┌──

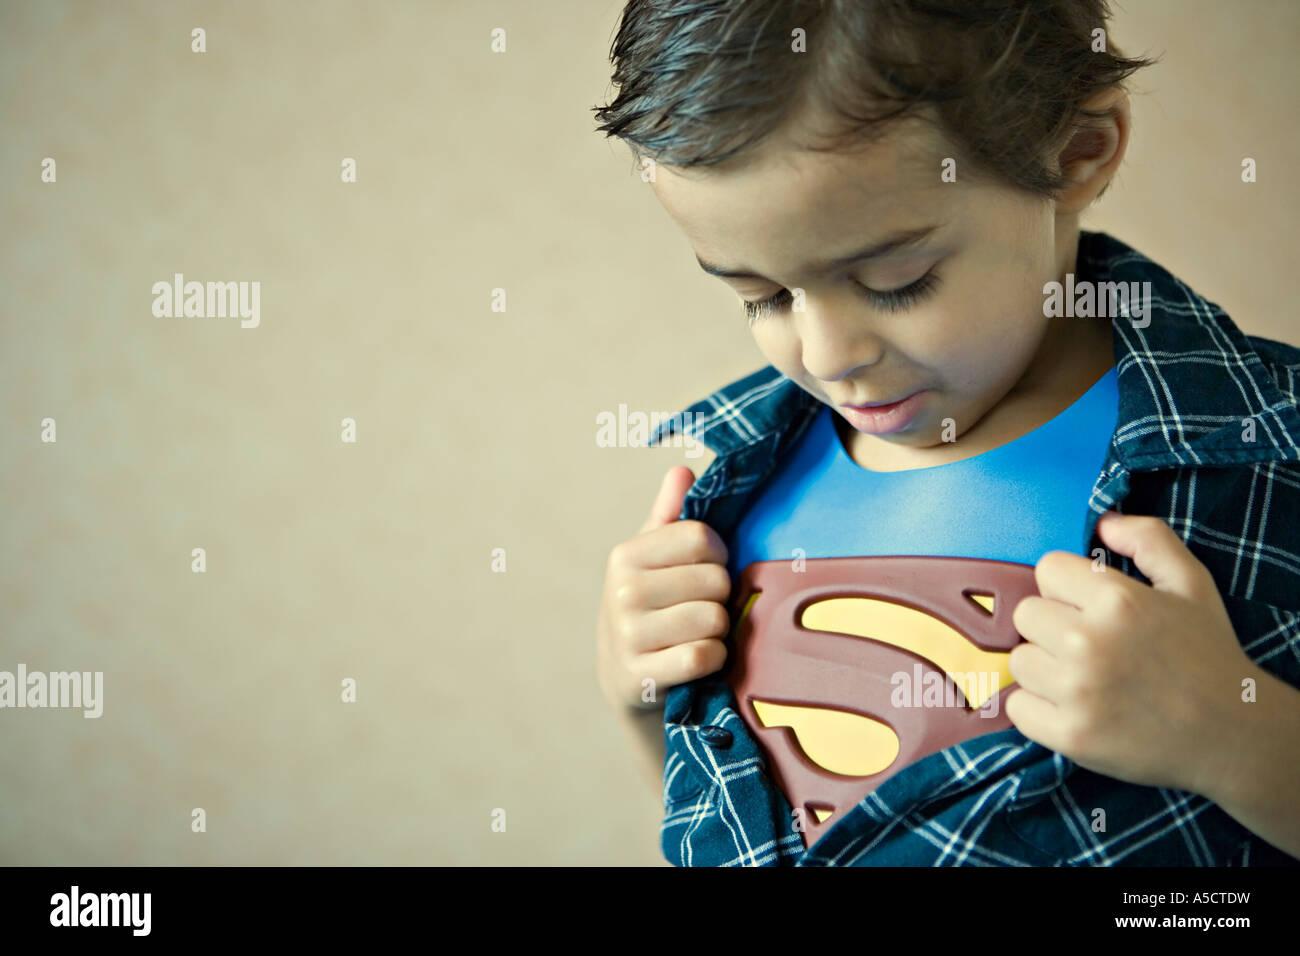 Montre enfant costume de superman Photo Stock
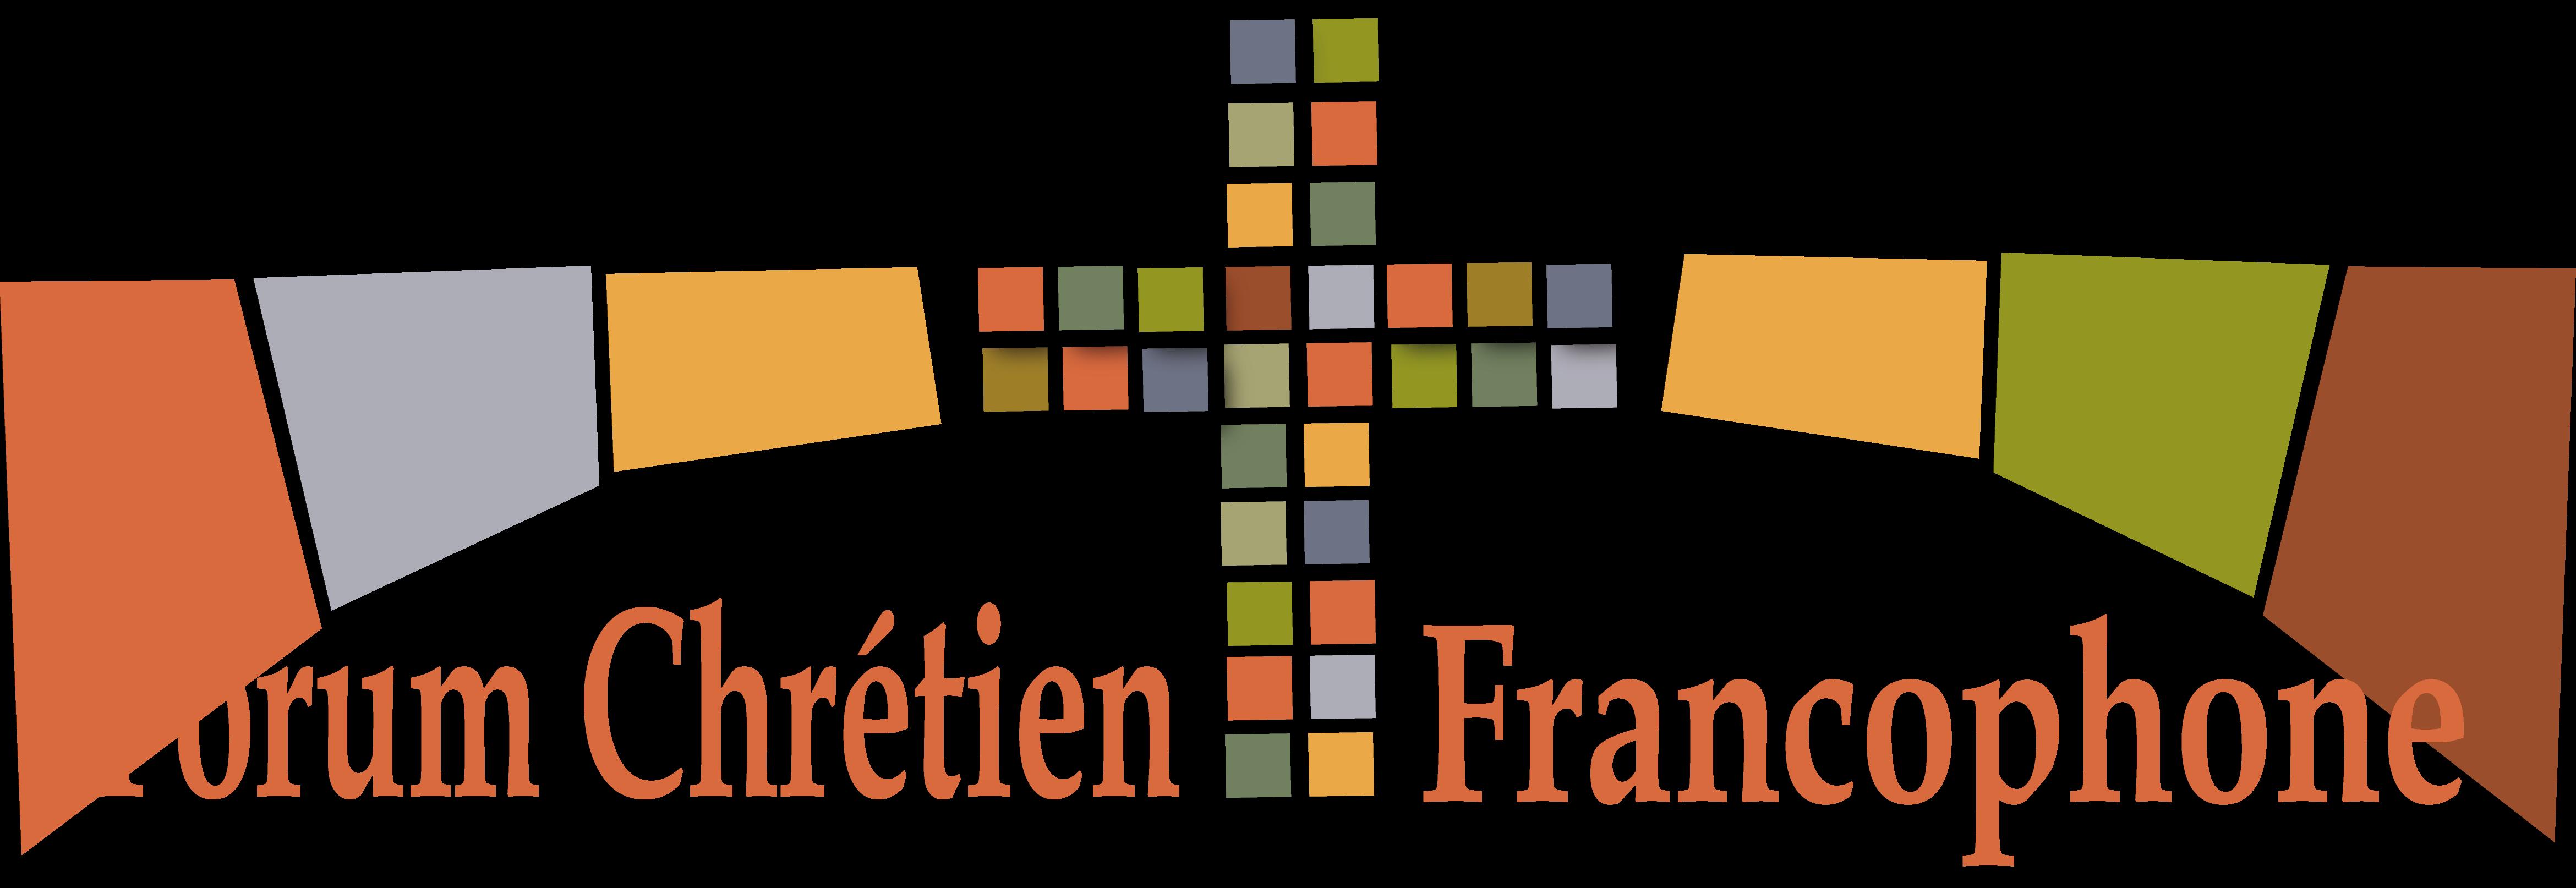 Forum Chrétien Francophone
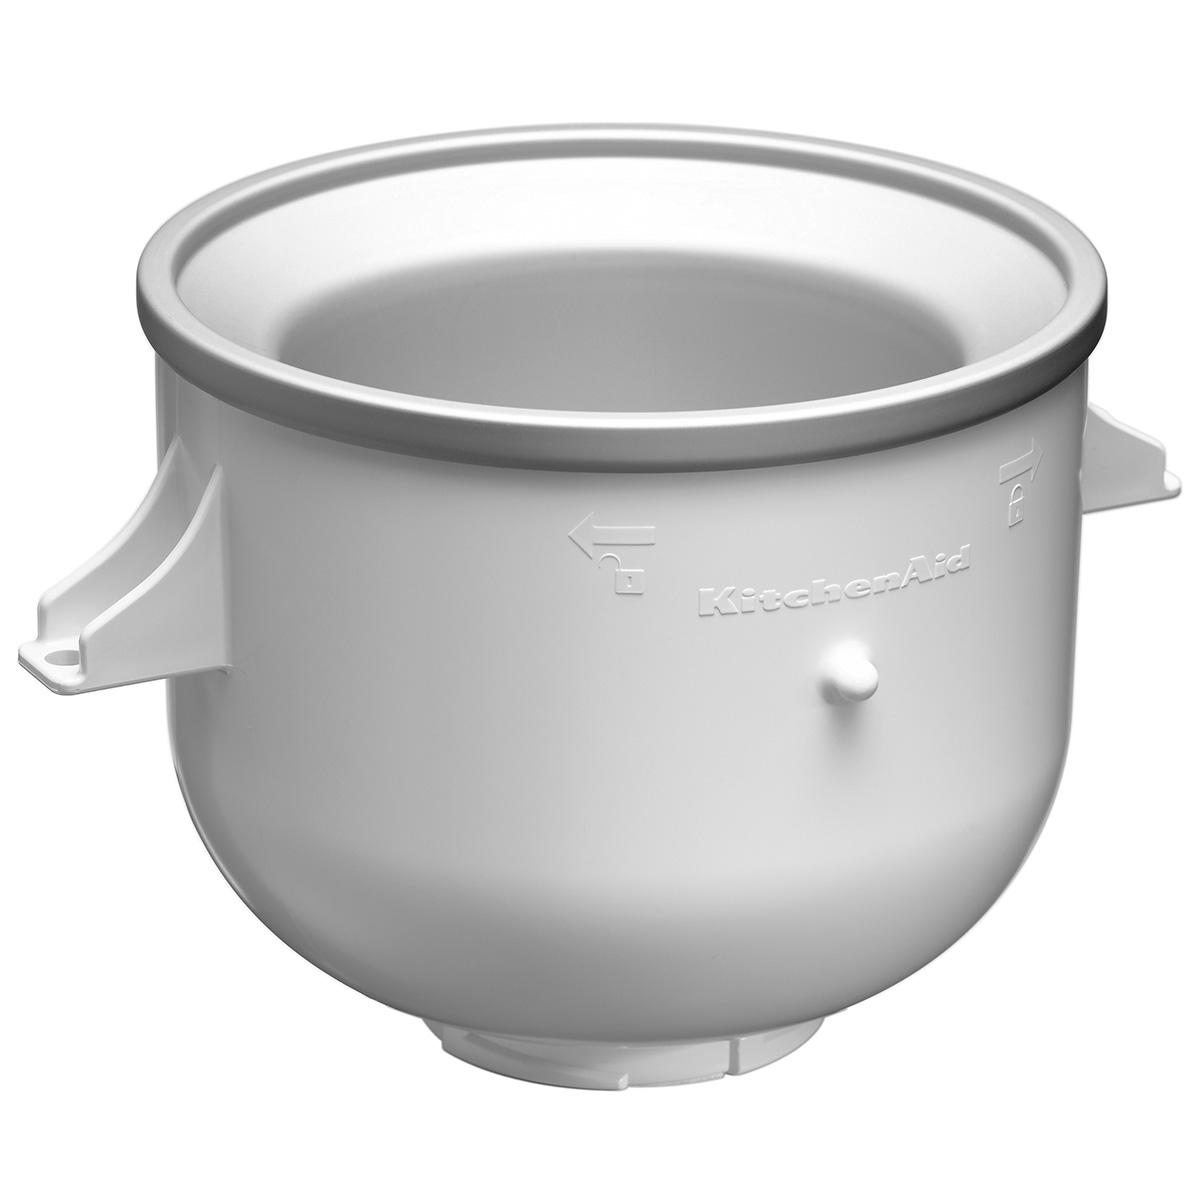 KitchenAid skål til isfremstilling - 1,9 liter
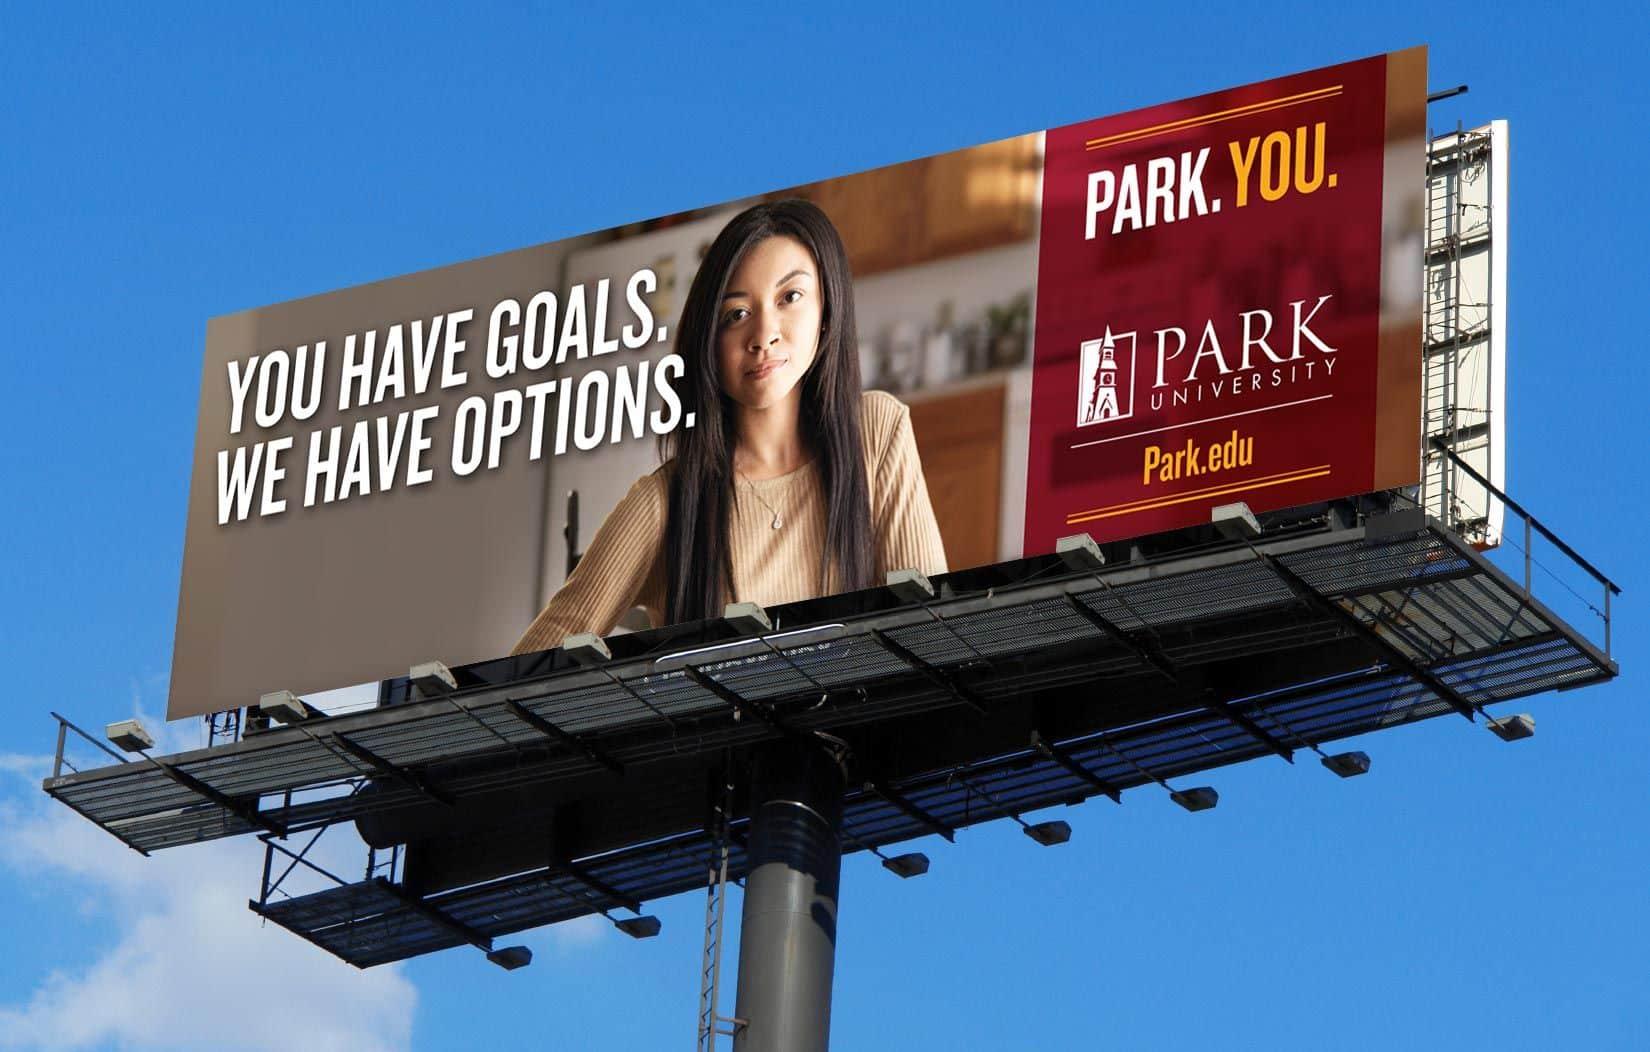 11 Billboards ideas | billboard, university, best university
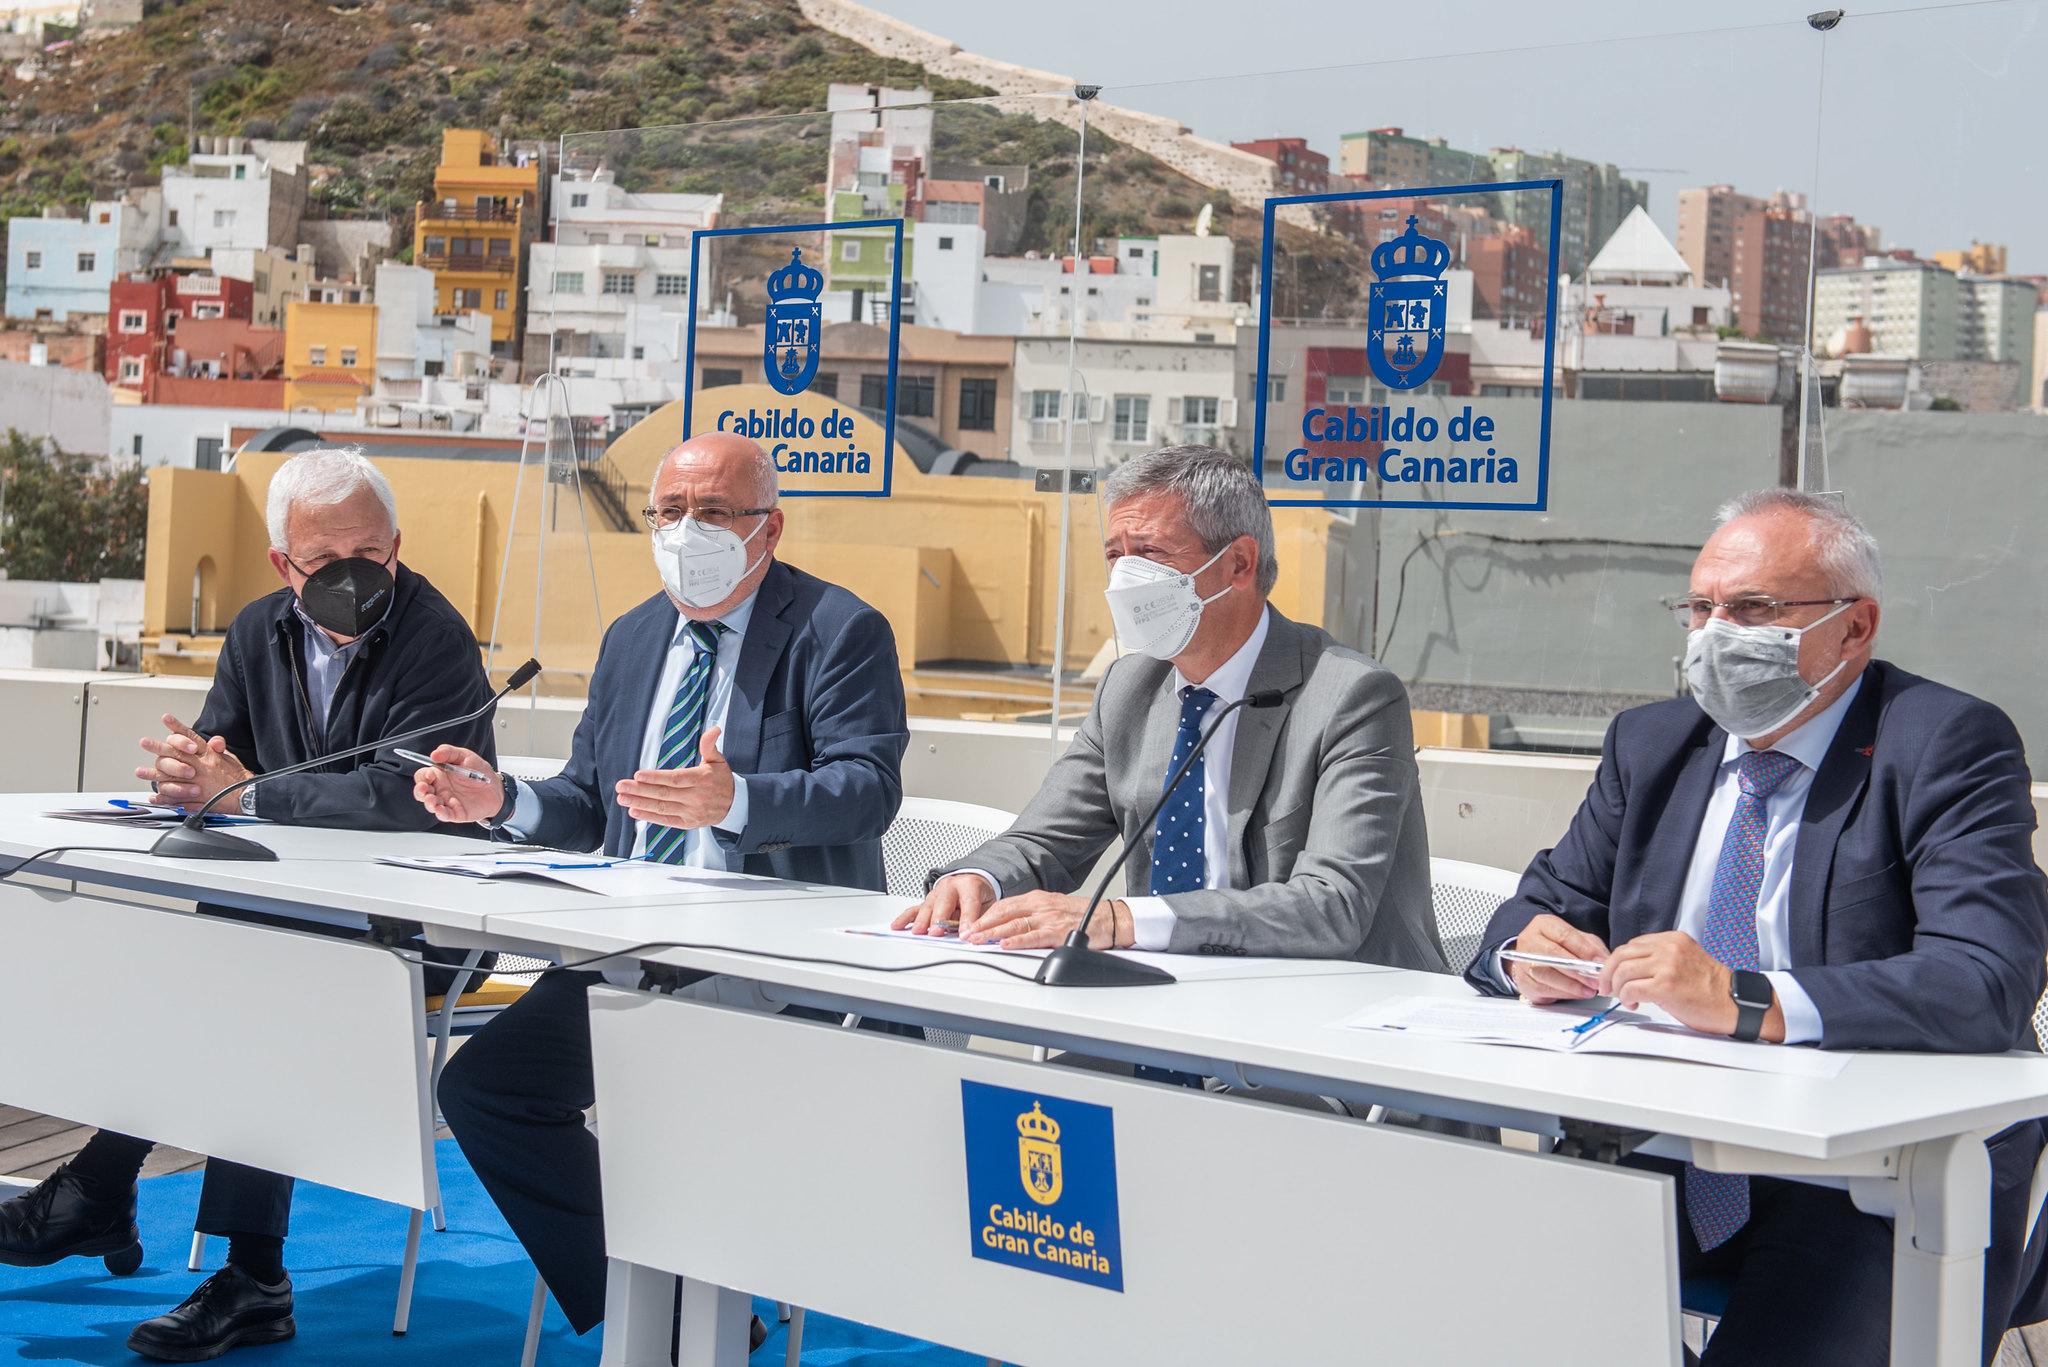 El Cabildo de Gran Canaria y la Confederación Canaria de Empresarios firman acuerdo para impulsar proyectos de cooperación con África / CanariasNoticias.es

└──

■ EXERCISE GOAL
In the records above, find the line containing "11 Billboards ideas". Reproduce it and every line after it through the last line, omitting pictures.

■ RESULT OF THIS TASK
 11 Billboards ideas | billboard, university, best university
 El Cabildo de Gran Canaria y la Confederación Canaria de Empresarios firman acuerdo para impulsar proyectos de cooperación con África / CanariasNoticias.es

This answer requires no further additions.